The timing difference between them was controlled by the skew parameter. The variation in the skew changes the behavior of the handling order of the interrupts and the code path taken by the exception trampoline’s implementation. For example, a positive skew causes Timer1 to fire while Timer0’s handle is still running, in which case the exception trampoline iterates through the stack until it encounters Timer0’s exception frame. On the other hand, a negative one makes Timer1 the top-level exception, in which case the exception trampoline proceeds to the code path where it just pushes every frame in the exception entry chain stack. A specific skew value induces an exception entry chain, in which case the exception trampoline saves the exception frames of both of Timer0 and Timer1. We swept the skew parameter through a range and observed the changes in the interrupt response time.

Fig. 9
figure 9

The interrupt response time of Timer1

Table 1 The interrupt response time of Timer1

Figure 9 and Table 1 show the result of the measurement. The overall increase in the interrupt response time in the cases where the exception trampoline ran only once (\(skew < 6\)) was 97 cycles. In the cases where Timer1 fired late (\(skew \ge 6\)), the increase was twofold due to the exception trampoline being Timer0 handler’s critical section.

In this experiment, we could not find a datapoint indicating the presence of an exception entry chain. To obtain the interrupt response time of the case including the occurrence of an exception entry chain, we performed another experiment identical to the previous one except that the cpsid f instruction that disables interrupts was swapped with the next instruction. An exception entry chain was observed at \(skew = 7\) and the interrupt response time was 140 cycles (ReleaseFast) and 142 cycles (ReleaseSmall). Rewriting the program to use the FPGA RAM block inside the FPGA yielded little improvement. Because the algorithm’s most time-consuming part is expected to be the stack walk loop, this result suggested that the overhead was largely caused by inefficiencies in the invocation of the core subroutines, not by the algorithm.

5.1.2 FreeRTOS+MPU System Calls

We constructed a benchmark application to measure the execution times of FreeRTOS’s API functions. All functions are called from restricted tasks (i.e., tasks with memory protection) executing in Unprivileged mode.

Table 2 shows the measured execution times of FreeRTOS’s API functions with various CFI mechanisms turned on or off. The interesting part is shown as a bar chart in Fig. 10. Table 3 shows the number of monitor calls taking place during FreeRTOS system calls.

Task creation and deletion are intended to be done only during system initialization, and task deletion is not supported and treated as no-op (hence the lack of contribution of Ctx to DelTask).

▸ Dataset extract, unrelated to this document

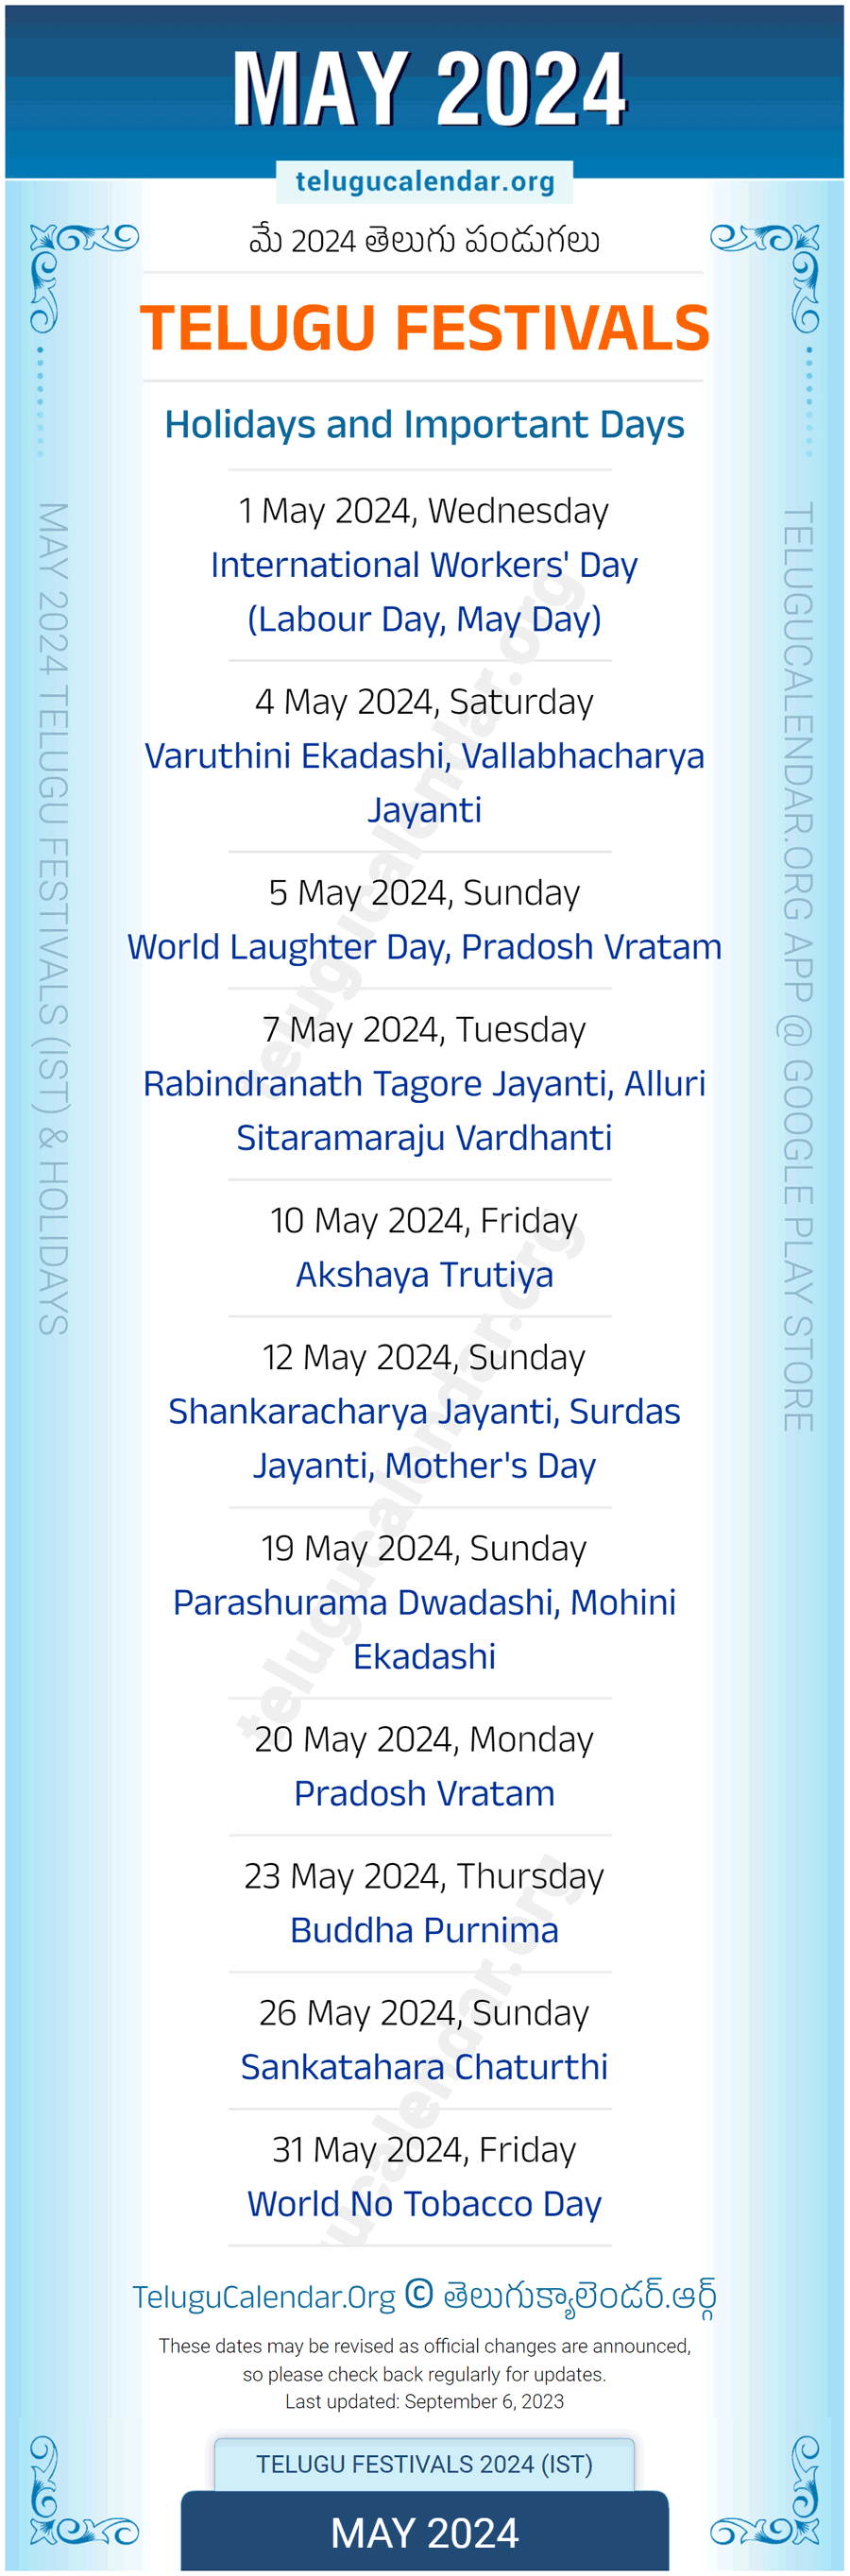 Telugu Festivals 2024 May

Even uninstrumented, the “Ctx” portion in an orthodox application is not exactly zero (but usually less than TZmCFI’s Ctx) for the reason explained earlier in Ctx’s definition. Since the execution times of task creation/deletion functions are dominated by Ctx, this fact makes it challenging to evaluate the overhead in a fair manner. Nevertheless, their results are still shown here for completeness.

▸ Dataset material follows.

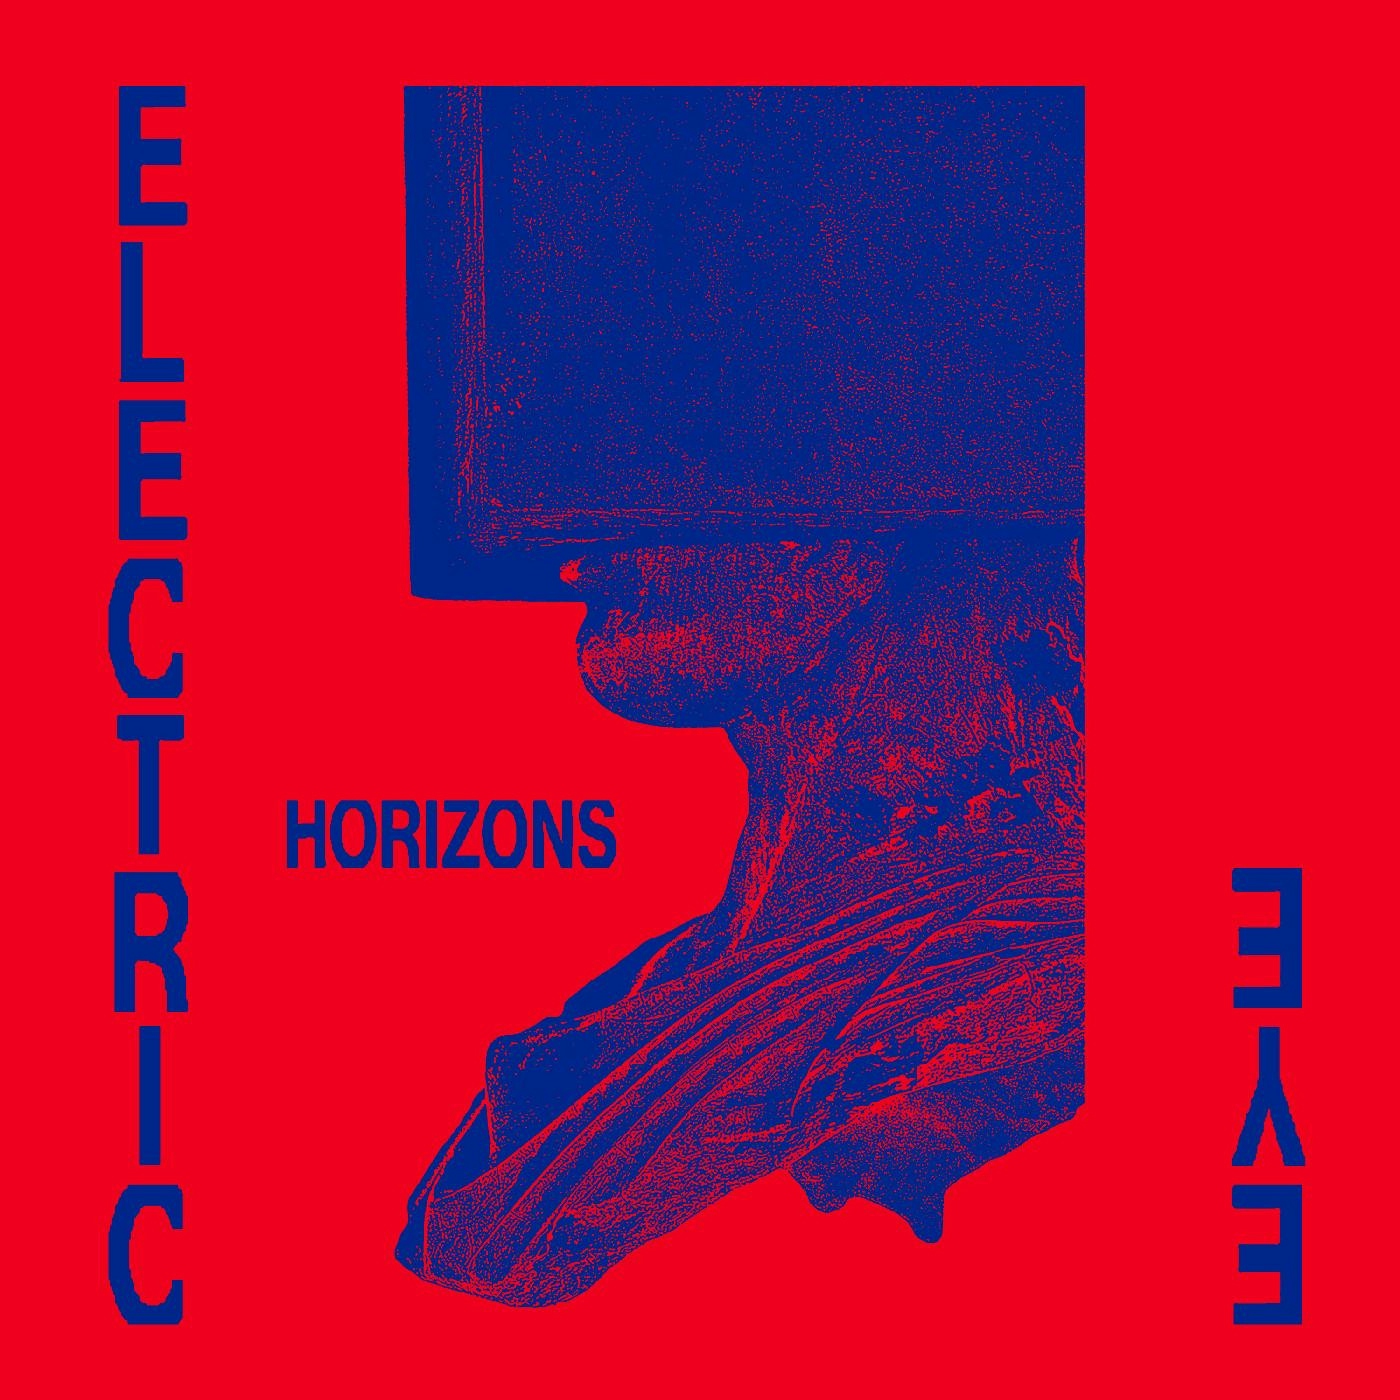 Album artwork for Horizons by Electric Eye

SES added about 180 cycles for each trigged exception. All measured API functions trigger a software trap for entering Privileged mode. APE is shown to be an effective approach to eliminate the extra overhead caused by this. Non-aborting shadow stacks were marginally faster than aborting shadow stacks. The final overall overhead with all CFI mechanisms and optimization techniques turned on was 22–84%, varying primarily based on whether a context switch occurred or not.

Fig. 10
figure 10

The relative overhead for each type of FreeRTOS system call. The build mode used here is ReleaseFast

Table 2 The execution time for each type of FreeRTOS system calls
Table 3 The number of monitor calls for each type of FreeRTOS system calls

5.1.3 CoreMark

Fig. 11 shows the CoreMark scores (iterations per second). Table 4 shows the number of monitor calls taking place during a single iteration of CoreMark. The measured overhead for the ReleaseFast build was 12%. ReleaseSmall fared worse, most likely because of more conservative function inlining, which increased the number of shadow stack operations.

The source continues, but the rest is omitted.